Indevus Announces Authorization for Approval of VANTAS(R) in Selected European Countries

Indevus Pharmaceuticals, Inc. today announced that the European Medicines Agency's (EMEA) Committee for Medicinal Products for Human Use (CHMP) has finalized the referral procedure for VANTAS(R) (histrelin acetate subcutaneous implant).

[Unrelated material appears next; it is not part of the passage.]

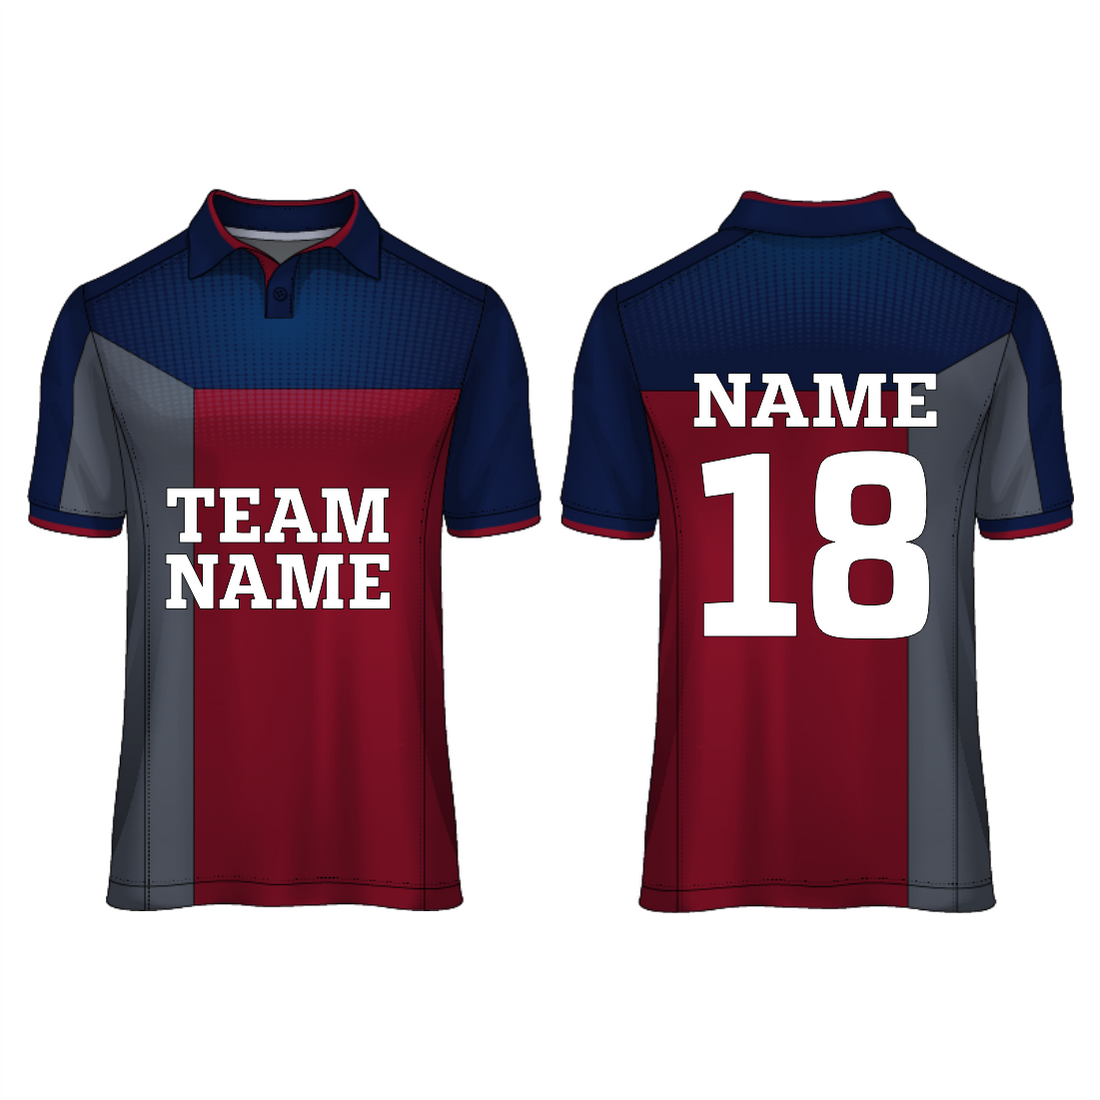 NEXT PRINT All Over Printed Customized Sublimation T-Shirt Unisex Sports Jersey Player Name & Number, Team Name.1310764823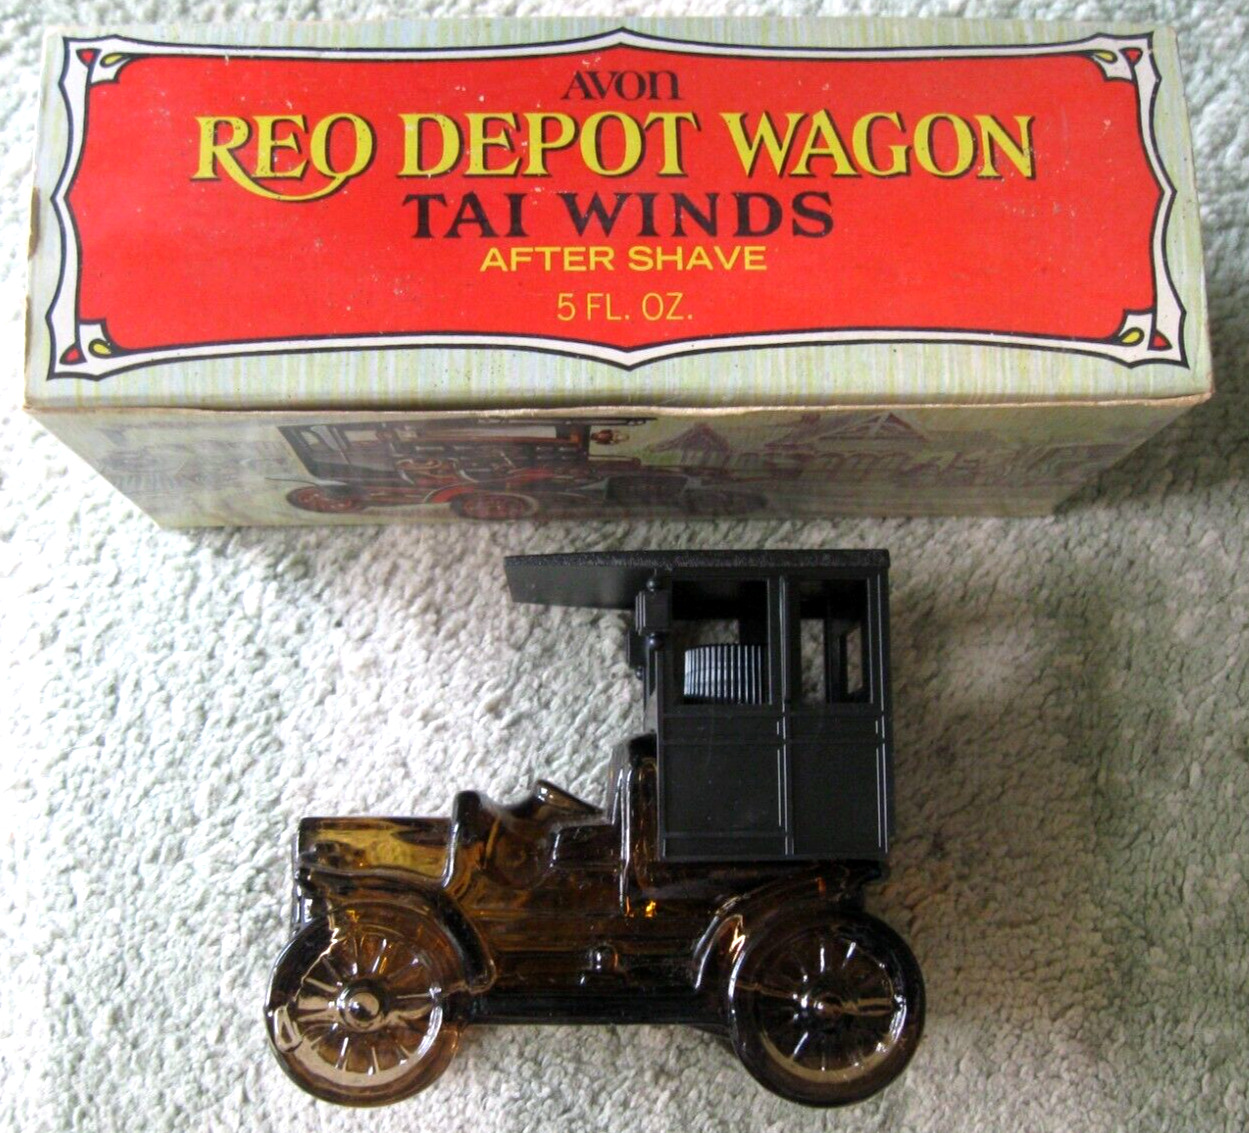 VINTAGE AVON 1906 REO DEPOT WAGON TAI WINDS AFTER SHAVE 5 FL OZ New Full Unused

LEXINGTON, MA, USA | May 31, 2007 |
Indevus Pharmaceuticals, Inc. (Nasdaq: IDEV) today announced that the European Medicines Agency's (EMEA) Committee for Medicinal Products for Human Use (CHMP) has finalized the referral procedure for VANTAS(R) (histrelin acetate subcutaneous implant).

Following approval in Denmark in 2005, Indevus filed for Mutual Recognition Procedure (MRP) in the UK, Ireland, Germany, Spain and Italy. The action by the CHMP allows for marketing authorization to occur in these countries.

"We are very excited to have received marketing authorization for VANTAS in these five European countries," stated Glenn L. Cooper, M.D., chairman and chief executive officer of Indevus. "We plan to complete the process of obtaining final marketing authorization over the next few months and to begin MRP for the remaining countries in the European Union."

Additionally, Indevus announced that following the acquisition of Valera, the Company met with Spepharm Holding B.V., Valera's European marketing partner for both VANTAS and SUPPRELIN(R) LA, and the companies have mutually agreed to terminate their current Investment and Shareholder Agreement, as well as, their current European License and Distribution Agreement. The finalization of this termination is subject to certain third-party consents.

"Both companies have determined that it is in their best interest to terminate these agreements," stated Noah D. Beerman, executive vice president, chief business officer of Indevus. "Regaining the European rights facilitates the achievement of our overall partnering strategy while Spepharm has refocused its commercialization efforts in other therapeutic areas. Consistent with our strategy of utilizing partners for marketing and distribution outside the U.S., we are actively engaged in discussions with potential European partners, regarding the marketing and distribution rights for VANTAS. This represents one of a number of opportunities for the Company to expand its marketing reach outside of the United States."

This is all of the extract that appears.